Wednesday, 1 May 2019

Counter-Revolution in Venezuela



In News from Nowhere old Hammond asks William Guest: ‘how can you prevent the counter-revolution from setting in except by making people happy?’  But fortunately for his utopians, Morris does not depict his socialist England as being neighboured by a capitalist superpower which is ruthlessly determined to do everything in its power to destroy their revolution.  If there were such a superpower in News from Nowhere, it would have used every means of economic sanction and sabotage it had at its disposal to subvert the Nowherian economy.  It would also have reached out to the ‘old grumbler’ at Runnymede as its useful idiot or figurehead within Nowhere itself, and he in turn might have persuaded a few ‘obstinate Refusers’ in the Nowherian military to launch a coup in the Thames valley.


All this the United States has been and is doing in Venezuela, of course, in its bid to destroy the Bolivarian revolution through its puppet Juan Guaido; and that process has now reached a critical flashpoint.  Aldous Huxley’s utopian island Pala has an authoritarian military power on its doorstep, Colonel Dipa’s Rendang-Lobo, but Pala’s quietistic Buddhist philosophy means it takes no steps to guard itself and it is ultimately crushed by its neighbour.  Ernst Callenbach’s west-coast Ecotopia is much more aware of the danger from the United States it has broken away from; and its secret police and decentralised militia seem up to the task of defending the ecological revolution against that powerful hostile neighbour. 
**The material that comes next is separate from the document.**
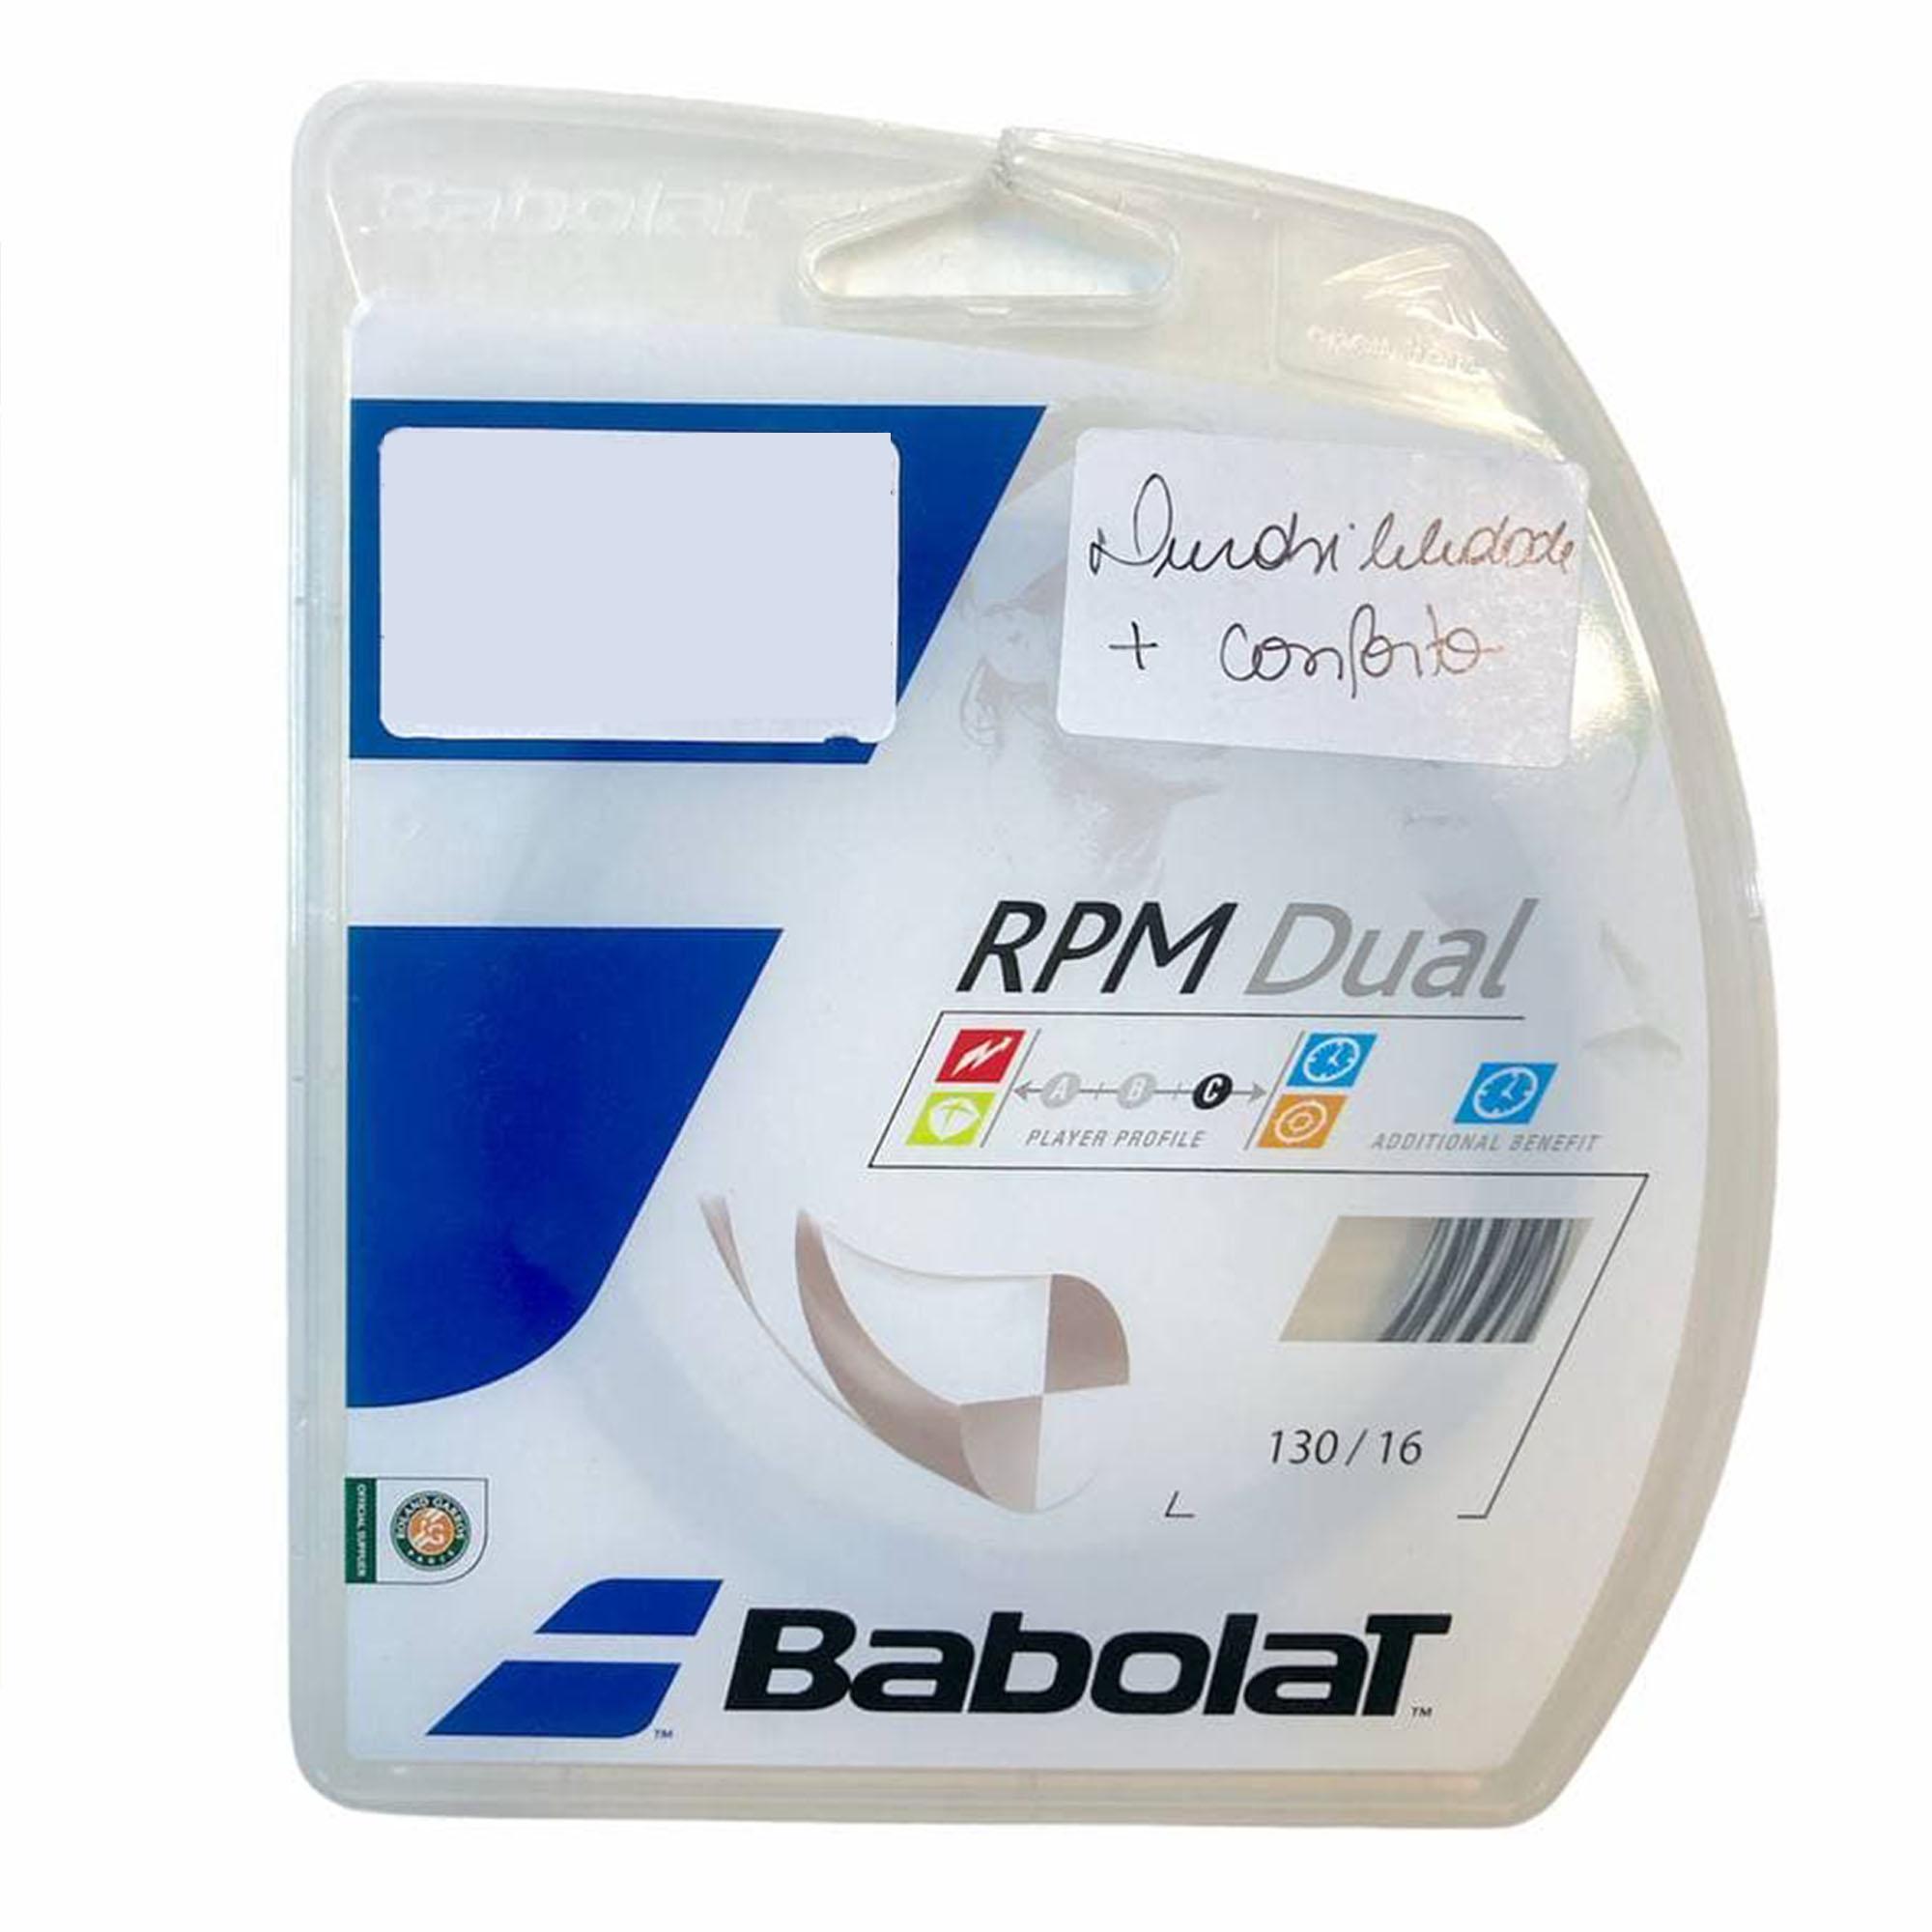 Corda Babolat RPM Dual 16L 1.30mm Preta - Set Individual

How Juan Guaido’s attempted counter-revolution will play out in Venezuela itself, we cannot yet know.  Nicolas Madura is a much less charismatic leader than Hugo Chavez himself, and there are deep internal problems with the Bolivarian revolution which exacerbate the external sabotage it has been subject to; but for now the bulk of the military seems loyal to the government.  Keeping the people happy to avert counter-revolution, yes indeed – old Hammond is surely right.  But what happens when the regional superpower, with its eye on your immense oil reserves, makes even that virtually impossible?